Richard Lifton is Chairman and Sterling Professor of Genetics at Yale University, and Investigator of the Howard Hughes Medical Institute. He also directs the Yale Center for Human Genetics and Genomics. He received his B.A. from Dartmouth, M.D. and Ph.D. degrees from Stanford, and trained in medicine at Brigham and Women’s Hospital and Harvard prior to moving to Yale in 1993.
Dr. Lifton’s laboratory has used human genetics and genomics to identify causes of heart, kidney, and bone disease. By investigating thousands of families from around the world, his group has identified more than 25 human disease genes. These include key genes and pathways that are critical to the risk of heart attack, hypertension, osteoporosis, and stroke. These studies have provided new diagnostic and therapeutic approaches to these diseases, which affect more than one billion people worldwide.
Dr. Lifton also chairs the Scientific Advisory Board of Merck, the Medical Physiology Section of the National Academy of Sciences, and the NIH Advisory Committee for Large Scale Genomic Sequencing. He serves on the Council of the Institute of Medicine, the Scientific Advisory Boards of The Simons Foundation Autism Project, and The Gallo Foundation of the University of California, San Francisco.

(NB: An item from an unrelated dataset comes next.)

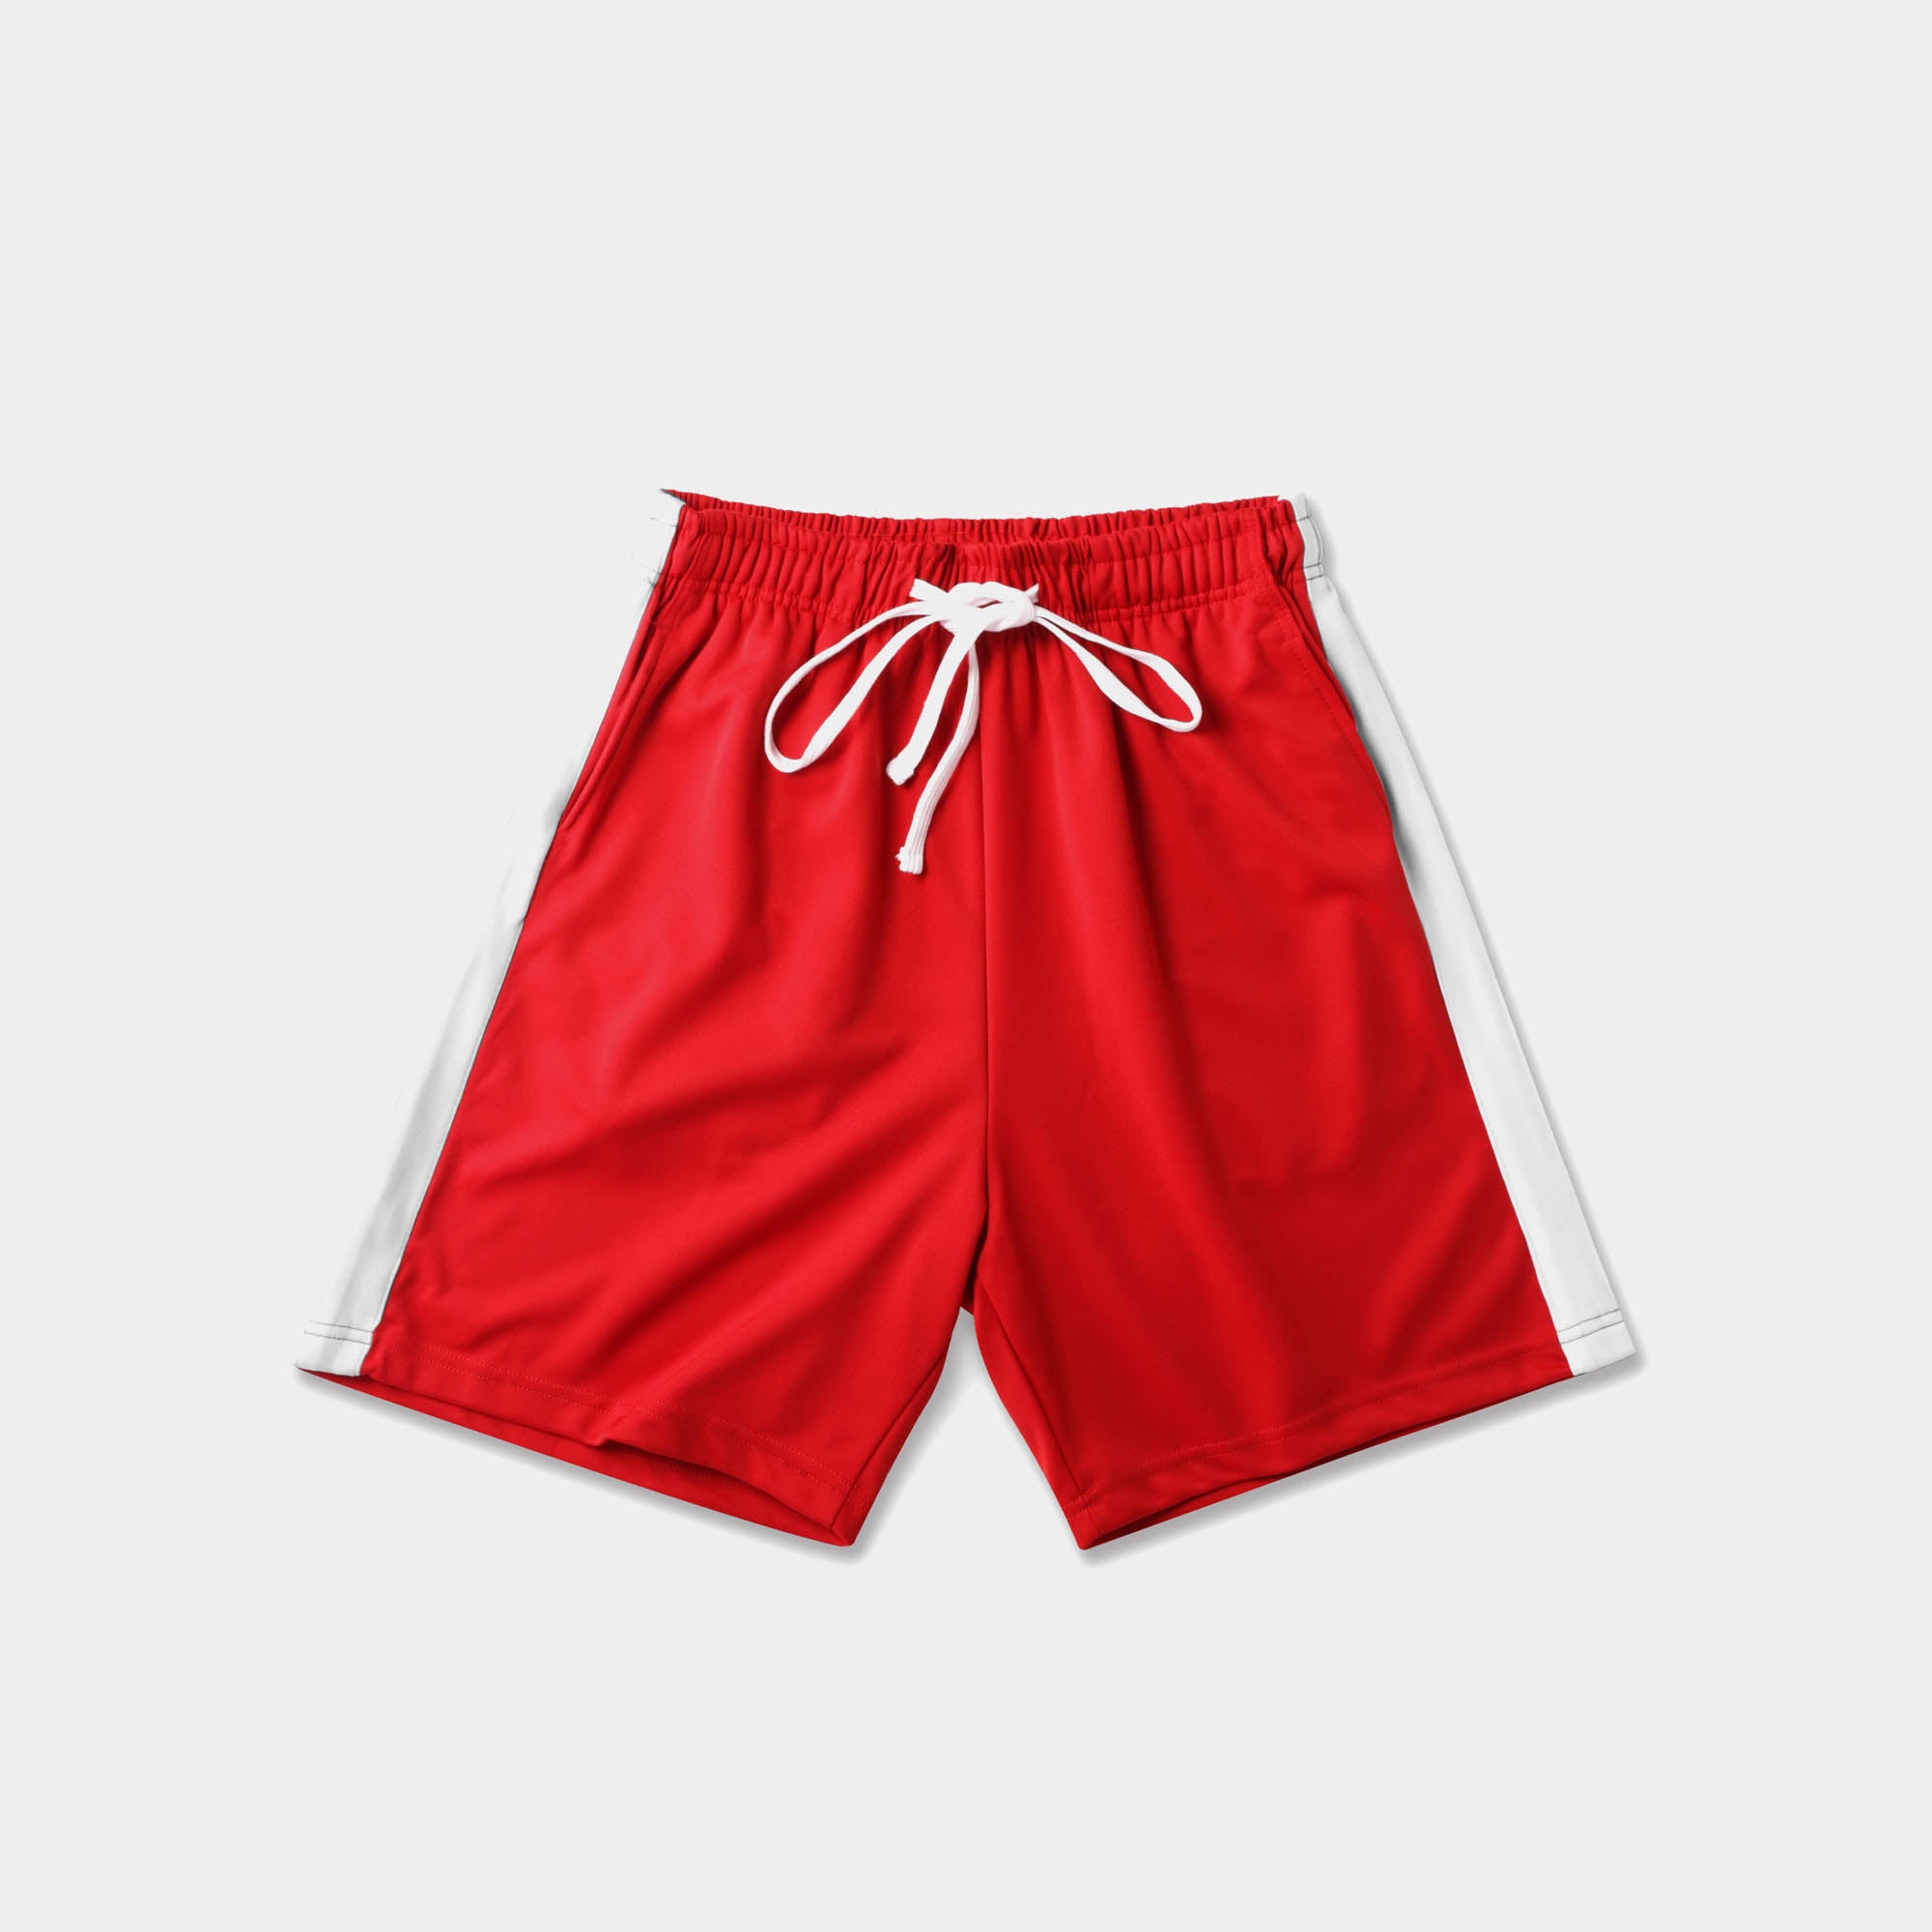 track shorts_track shorts mens_hind running shorts_boys track shorts_gucci shorts_gucci shorts mens_gucci shorts cheap_Red/White

His honors include election to the National Academy of Sciences and the Institute of Medicine as well as the highest scientific awards of the American Heart Association, the International Society of Hypertension, and the International Society of Nephrology; he is also the recipient of the 2008 Wiley Prize in Biomedical Sciences.
Dr. Richard Lifton received a B.A. from Dartmouth College and an M.D. and Ph.D. from Stanford University.